Vereadores articulam Frente Parlamentar Contra o Pedágio

Projeto de Decreto Legislativo para criar Frente ganhou o apoio dos vereadores
Projeto de Decreto Legislativo para criar Frente ganhou o apoio dos vereadores - FOTO: Diego Barbieri/CMMC

A Câmara de Vereadores de Mogi das Cruzes começou na tarde de ontem mais uma articulação para impedir a instalação de uma praça de pedágio na rodovia Mogi-Dutra (SP-88), com o envio às comissões do projeto de Decreto Legislativo que cria a Frente Parlamentar Contra o Pedágio em Mogi.

A iniciativa foi assinada por um grupo de vereadores descontentes com a retomada do governo do Estado em privatizar a rodovia que é de responsabilidade do município. 

A vereadora Maria Luiza Fernandes (SD), a Malu Fernandes, foi a primeira a pedir o apoio dos vereadores, ressaltando a necessidade de união entre os parlamentares contra o projeto de instalação da praça de pedágio. "Nosso objetivo é unir a Casa de Leis e articular com a sociedade e com nossos aliados na Assembleia Legislativa contra este projeto", afirmou.

Vereadores do campo progressista colocaram-se prontamente favoráveis à criação da frente parlamentar. A vereadora Inês Paz (Psol) lembrou que a união entre vereadores e a comunidade impediu a instalação de um aterro sanitário em Mogi no passado, enquanto que Iduigues Martins (PT) defendeu que o projeto visa apenas extrair o lucro às custas da população e do comércio locais.

O líder do governo na Câmara, Marcos Furlan (DEM), defendeu a Frente Parlamentar como mais um instrumento a ser utilizado pela Casa de Leis. "A Frente Parlamentar é fundamental para representar nosso descontentamento com a possibilidade de sermos penalizados com este pedágio", afirmou.

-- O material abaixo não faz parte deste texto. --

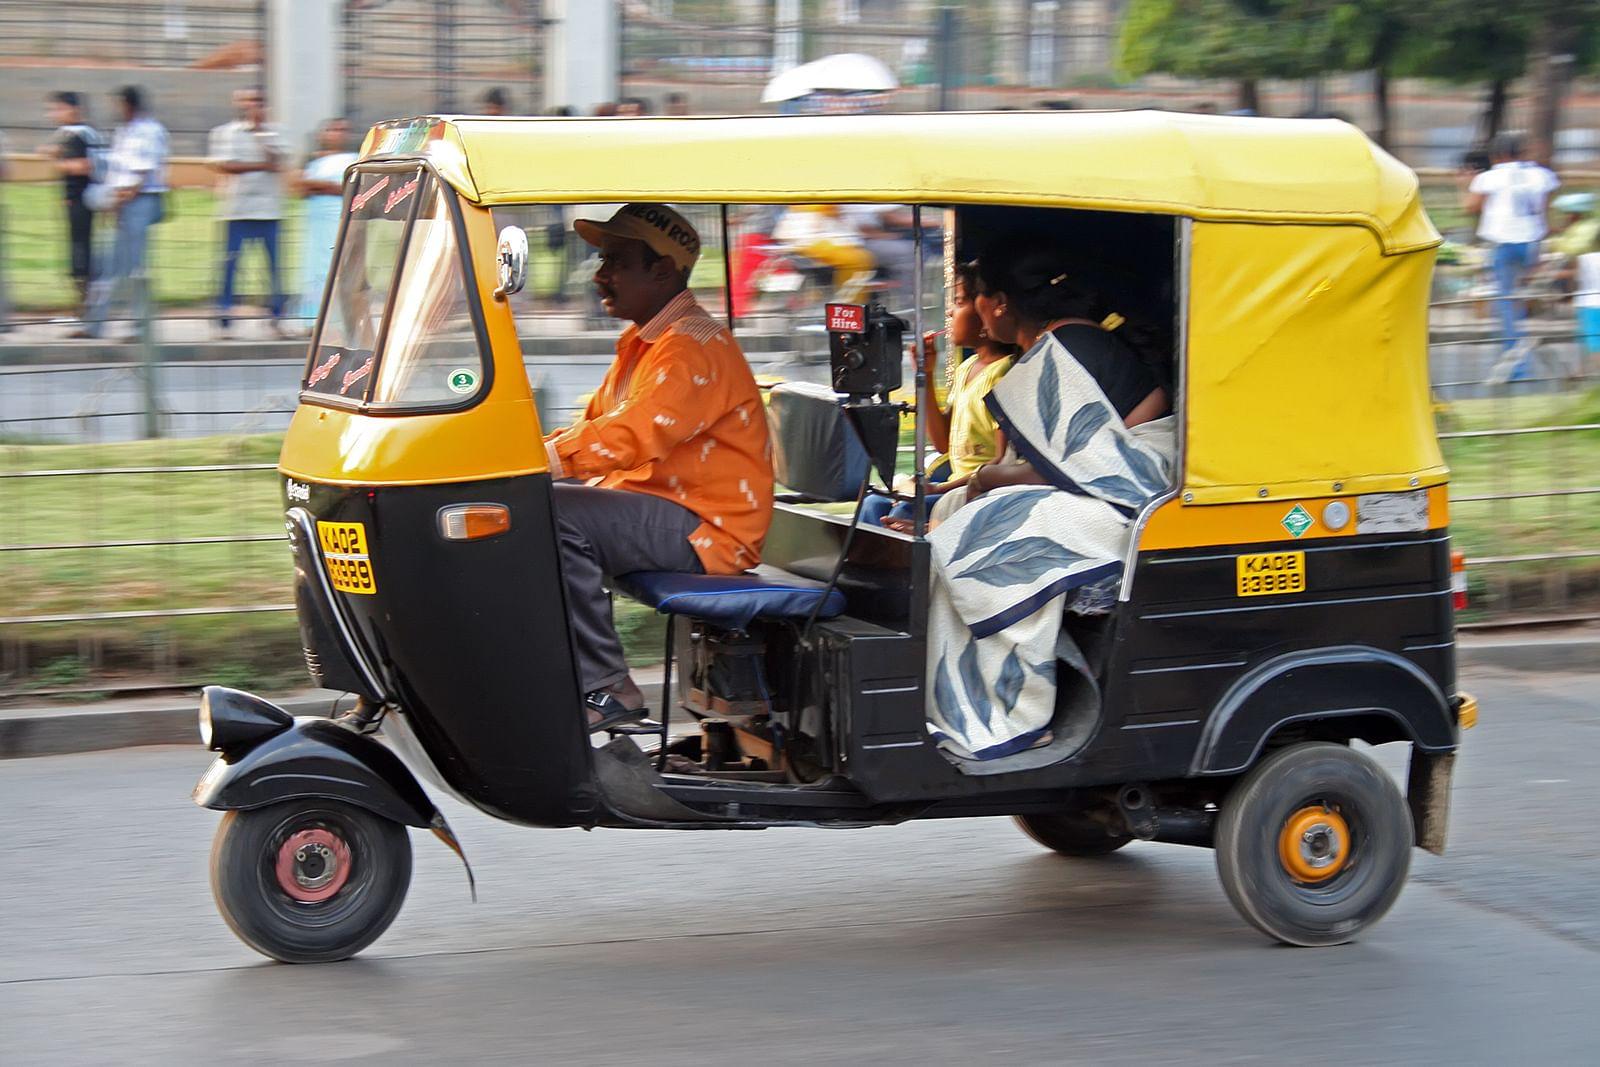 Chennai Şehir İçi Ulaşım

O presidente do Legislativo, vereador Otto Rezende (PSD), afirmou que a cidade "está em guerra contra a Artesp", a agência reguladora estadual que trata do transporte rodoviário. "Temos que estar unidos, e vamos buscar o apoio da Prefeitura e da sociedade civil para mais manifestações contra o pedágio", afirmou.

Caso Photoshop

A Câmara também realizou, durante o período para explicações pessoais, o debate sobre a polêmica na semana envolvendo o prefeito mogiano, Caio Cunha (Pode), na qual uma publicação alterada por computador no gabinete do ministro Gilson Machado Neto (Turismo) em que foi retirada a imagem do presidente Jair Bolsonaro (sem partido), o que gerou uma crise entre o governo federal e a administração municipal.

Vereadores de diversos grupos políticos criticaram a ação da equipe responsável pelas mídias sociais do prefeito, ressaltando que o papel institucional do chefe do Executivo deve ser mantida em tempo integral, mesmo em suas contas particulares, e defenderam uma retratação junto ao gabinete do ministro Machado Neto.

O vereador Marcos Furlan declarou que todas as medidas foram tomadas o mais rápido possível, e que o prefeito de Mogi das Cruzes se encontrará novamente com o ministro para desfazer todos os mal-entendidos. "Acredito que, neste momento, a resolução deste caso é primordial, e que todos os esclarecimentos aos vereadores serão feitos", concluiu.